Wilmar International Limited (WIL) made a dismal start to FY14, with reported net profit tumbling 49% YoY and 56% QoQ to US$161.8m, hit by negative soybean crush margin and lower demand for soybean meal; also higher seasonal losses in its Sugar business. Excluding exceptional items, core earnings came in around US$215m, still down 32% YoY and 39% QoQ, meeting just 15% of our FY14 forecast. Revenue of US$10,268.6m (+1% YoY but down 12% QoQ) met 22% of our full-year forecast.
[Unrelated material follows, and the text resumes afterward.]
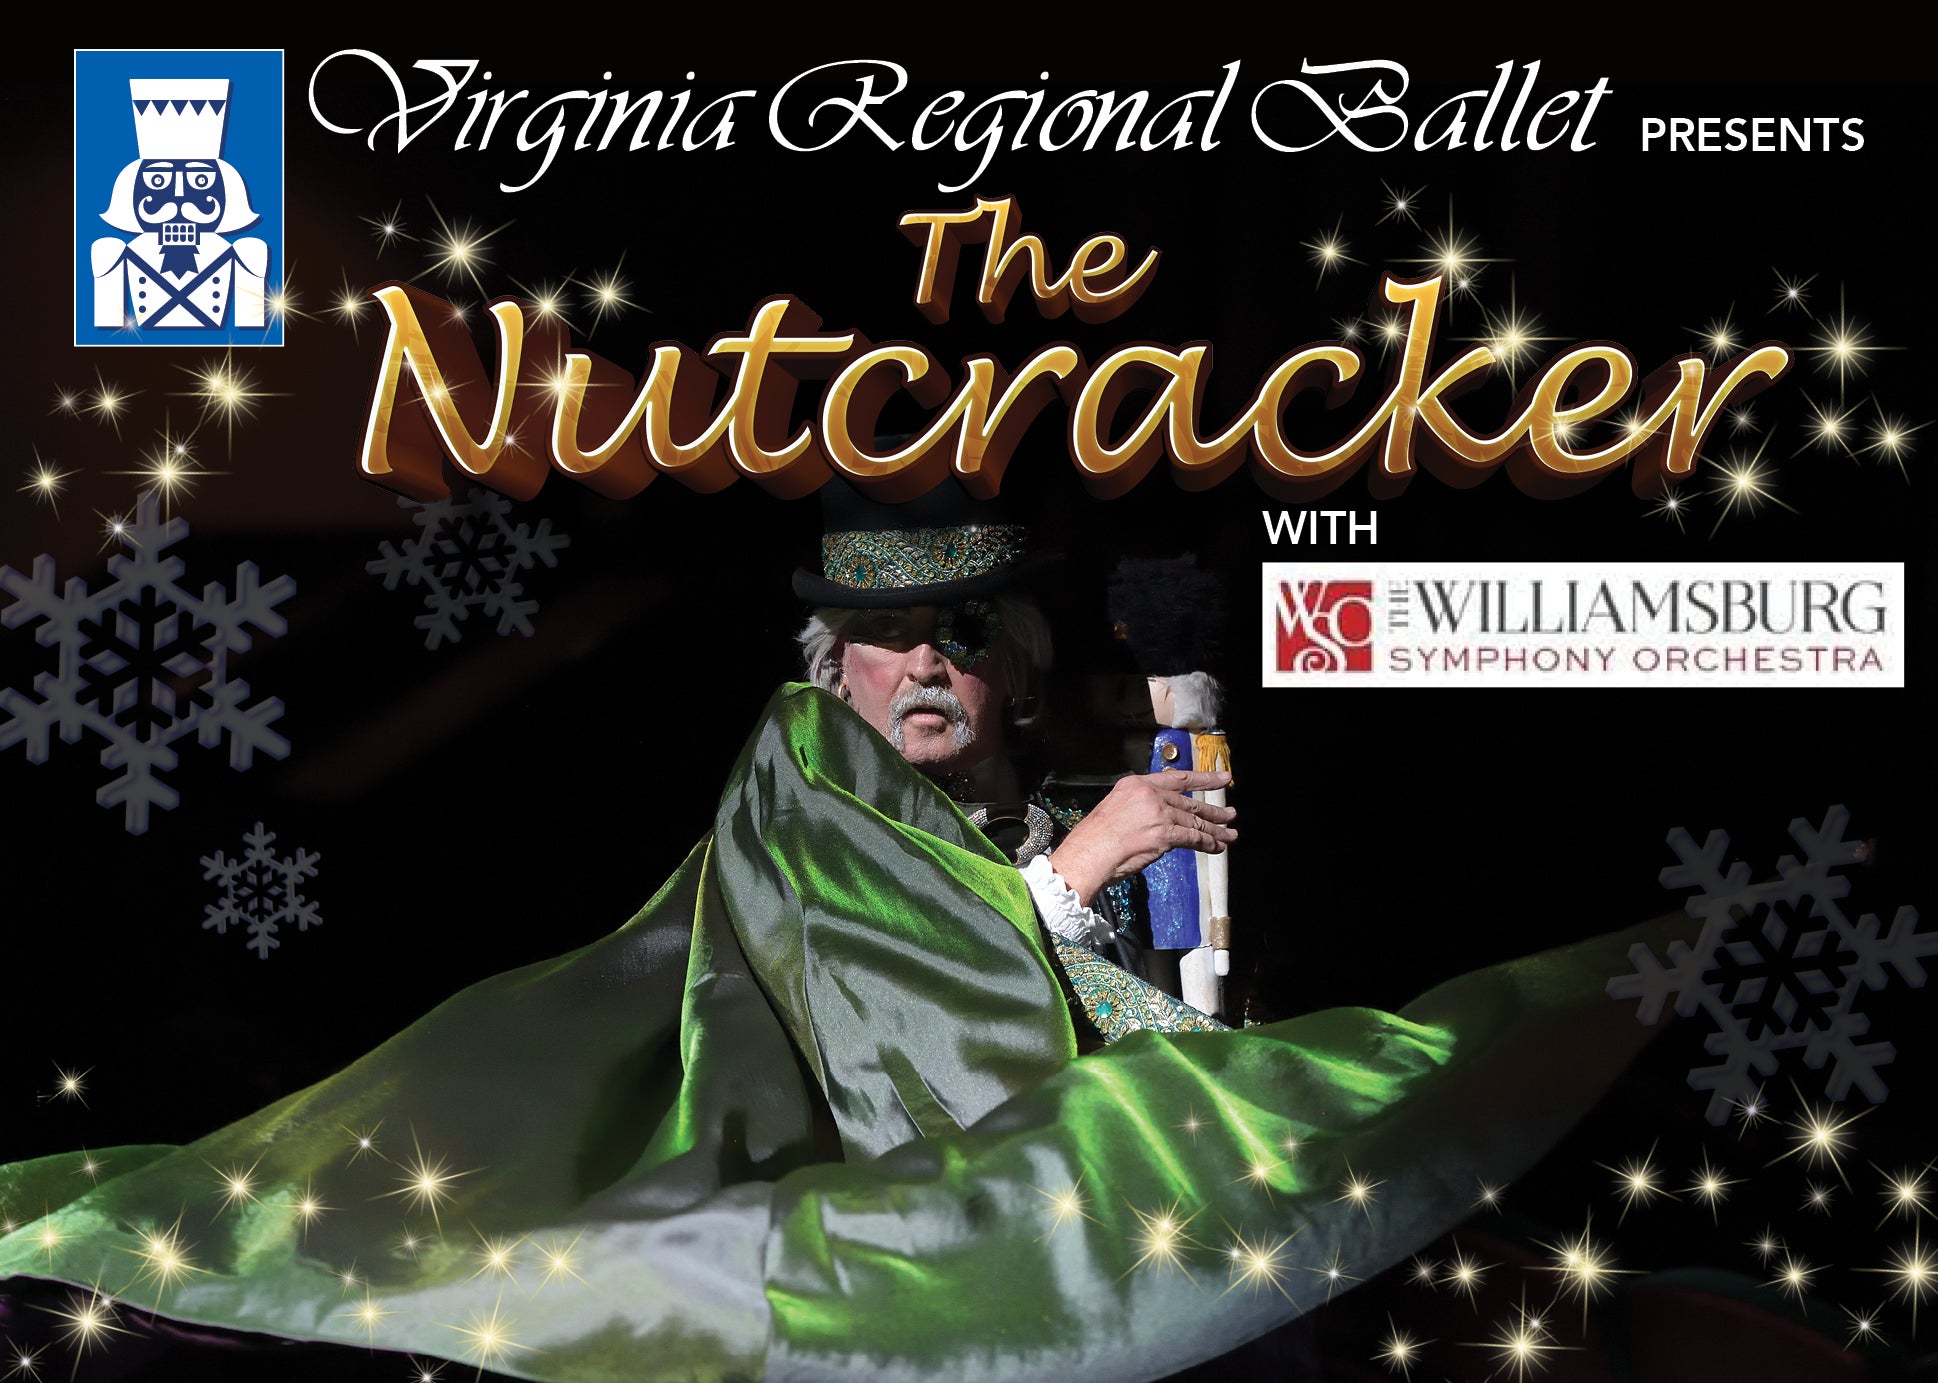 Virginia Regional Ballet Presents "The Nutcracker"

And with China’s economy still looking somewhat uncertain, we place our Buy rating and S$3.65 fair value under review, pending an update from management later. (Carey Wong)

For more information on the above, visit
www.ocbcresearch.comfor the detailed report.


NEWS HEADLINES


- The US stock market ended a volatile session on Thu with modest losses, driven by renewed selloffs in previously high-flying names.

- Vicom has posted a 7.4% YoY rise in its 1Q14 net profit to S$8.01m on higher business volume.


- Parkson Retail Asia posted a net profit of S$7.56m for 3QFY14, down 22.6% YoY, partly due to a poorer performance by its Malaysia and Vietnam operations.

- Chip Eng Seng's 1Q14 net profit came in at S$21.6m, up from S$4.67m a year ago, mainly from higher revenue in its property development division.

- Weaker corporate business in Singapore and lower retail sales in Malaysia have pulled down Challenger Technologies' net profit by 26.1% for 1Q14.

- DeClout's IT asset recovery subsidiary, Procurri Corp, will be issuing new shares by the end of this month to raise S$10m to fund its global expansion plans.


- Intraco Limited has unveiled plans to acquire a 70% stake in a homegrown fire-protection specialist for S$16.6m.


- Design Studio's 1Q14 net profit stood at S$2.1m, up from S$716,000 a year ago, owing to higher margins and lower marketing and distribution expenses.